Combien, hélas ! sont rapides les retours de la fortune ! Au mois de septembre 1857, l’empereur, la figure rayonnante, avec le prestige de récentes victoires consacrées à Paris, était complimenté, à son entrée sur le territoire allemand, par le prince de Prusse, et treize années plus tard, au mois de septembre 1870, il revenait en Allemagne, sans couronne et sans épée, prisonnier de ce même prince, devenu roi et tout prêt à saisir le sceptre impérial.

L’empereur Alexandre était arrivé la veille[1]. Il était descendu à la station de Feuerbach, à quelques kilomètres de la ville, où le roi avec sa suite l’attendait. Il portait le superbe et sévère uniforme du régiment des tirailleurs de la famille impériale, la tunique et le pantalon noir, le bonnet large et bas garni de fourrures.

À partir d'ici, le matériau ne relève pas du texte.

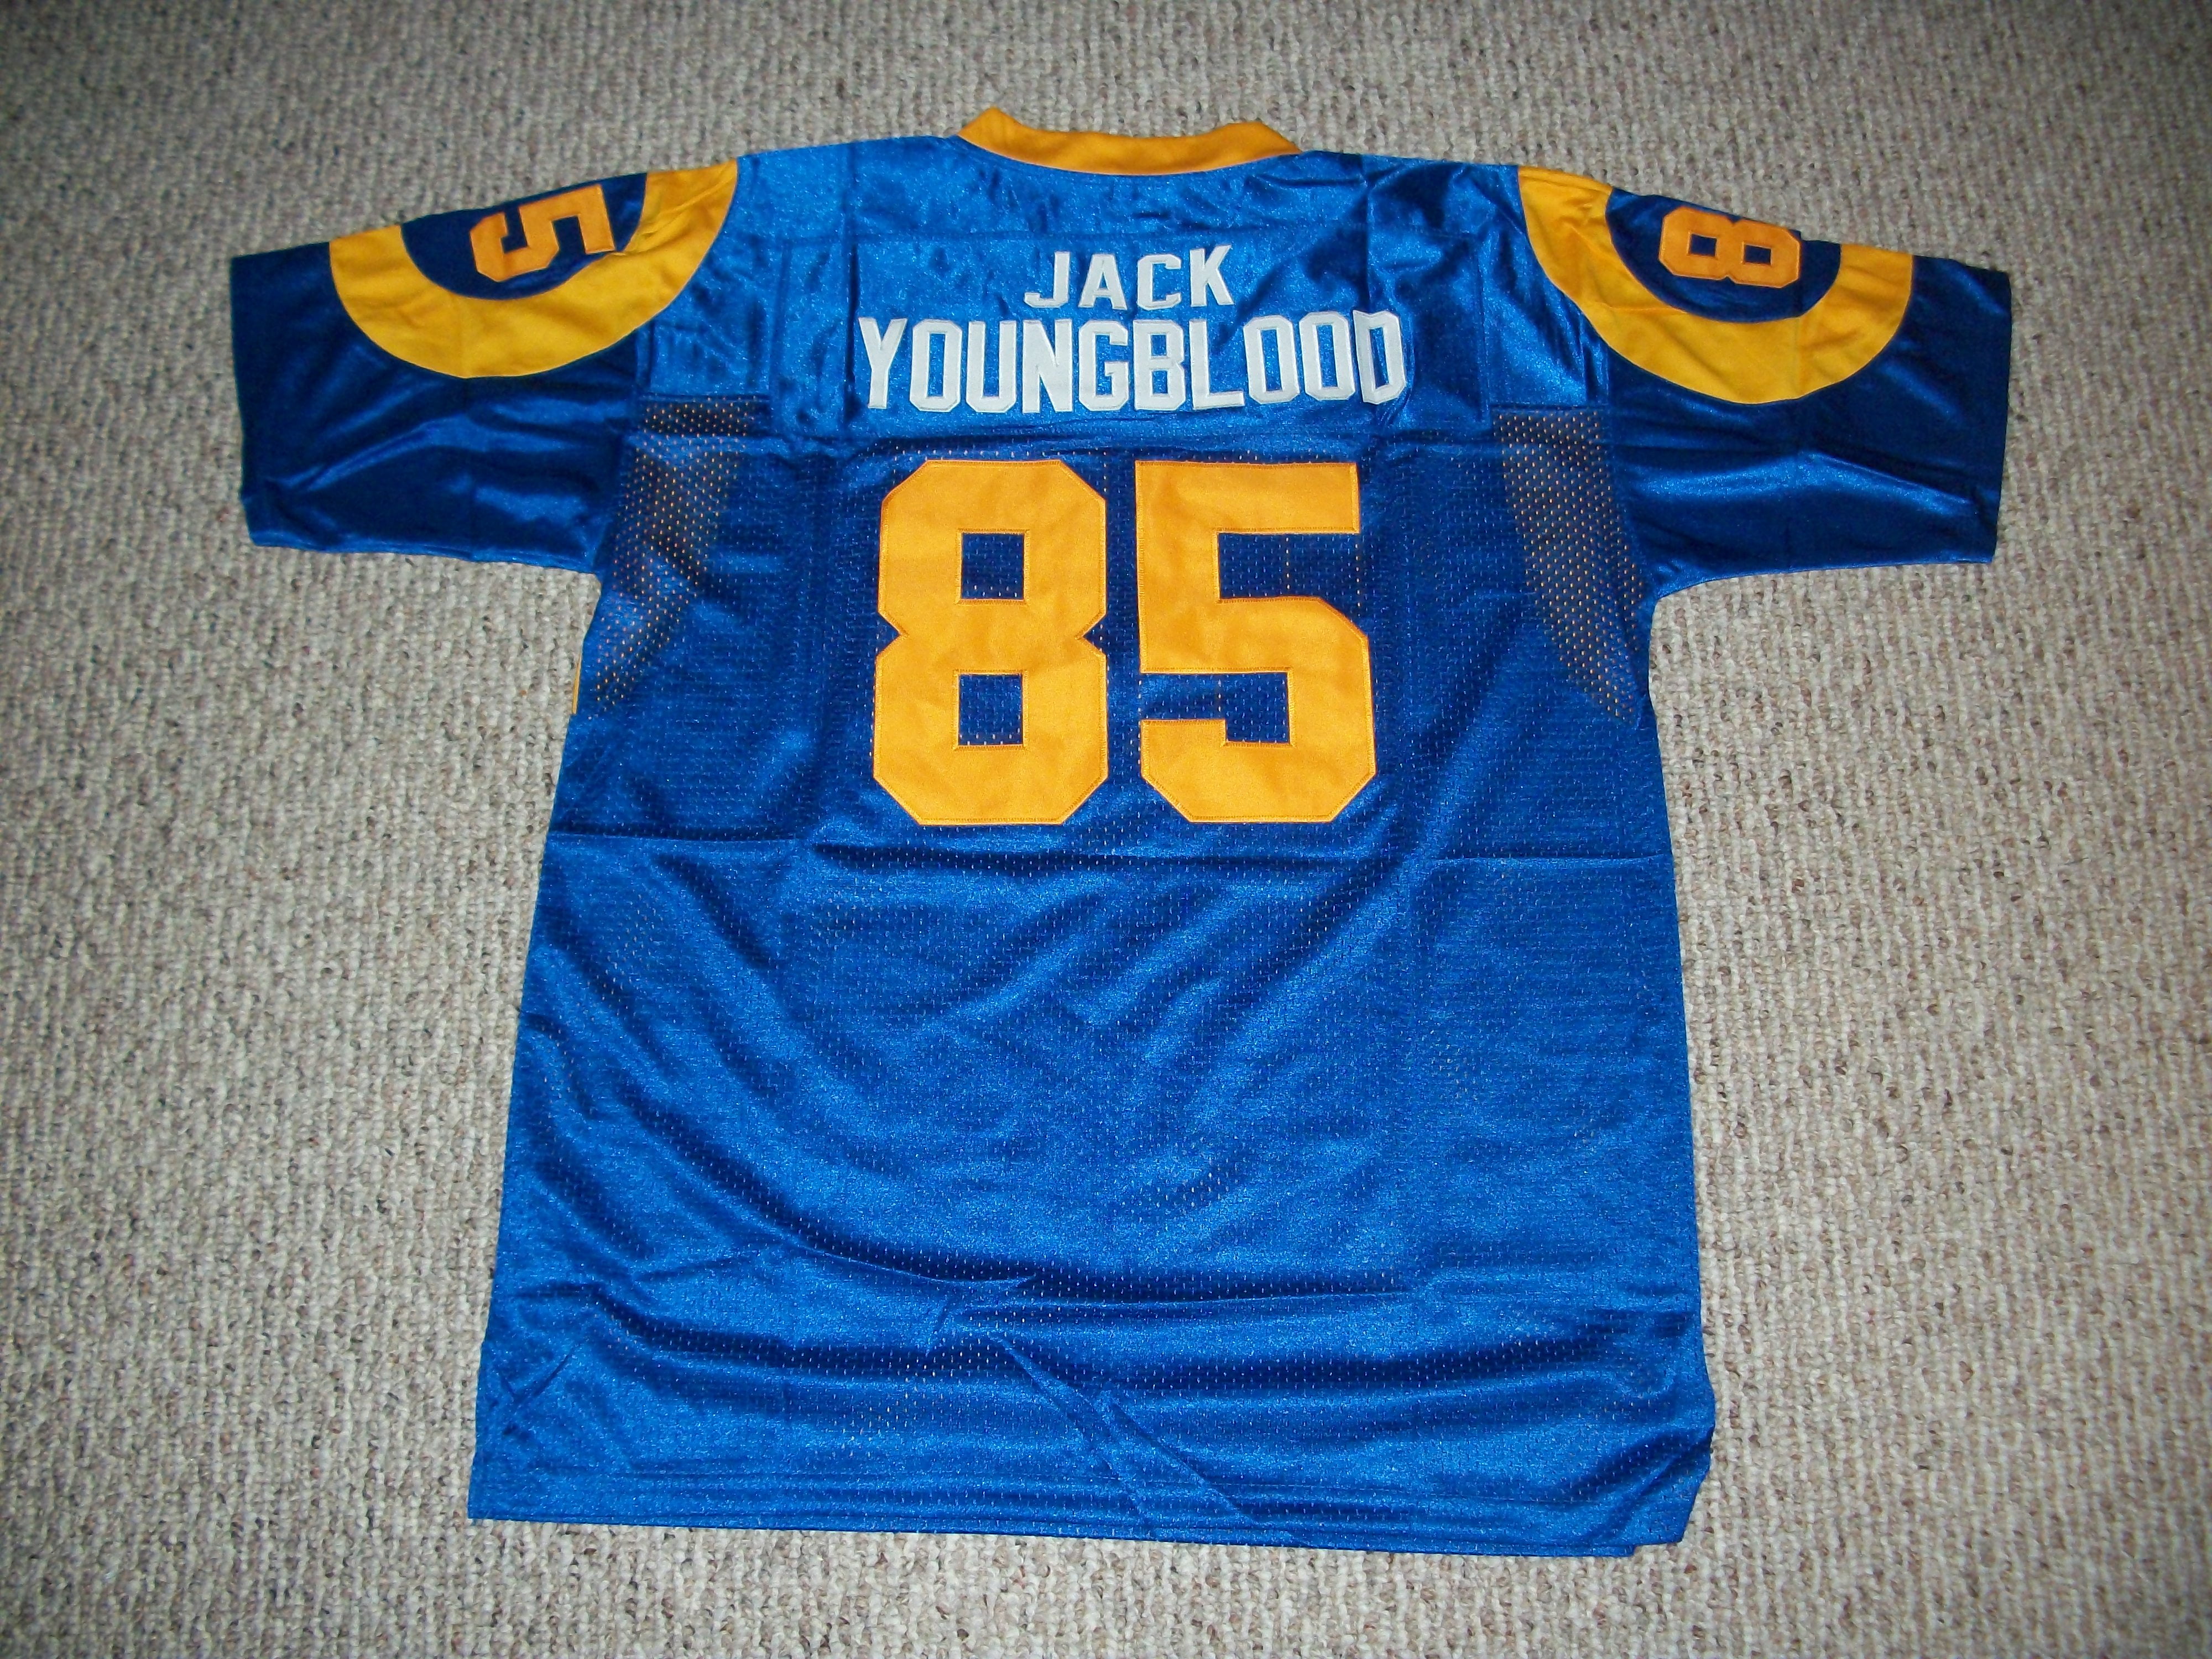 Jack Youngblood Jersey #85 Los Angeles Unsigned Custom Stitched Blue Football New No Brands/Logos Sizes S-3XL - Walmart.com

Le costume national faisait ressortir sa taille imposante et martiale. L’expression de ses traits et l’éclair de ses grands yeux bleus lui donnaient par instans une ressemblance frappante avec son père l’empereur Nicolas, le plus majestueux des souverains. Il s’installa chez son beau-frère, à la coquette et élégante villa de Berg qui domine la ravissante vallée du Neckar.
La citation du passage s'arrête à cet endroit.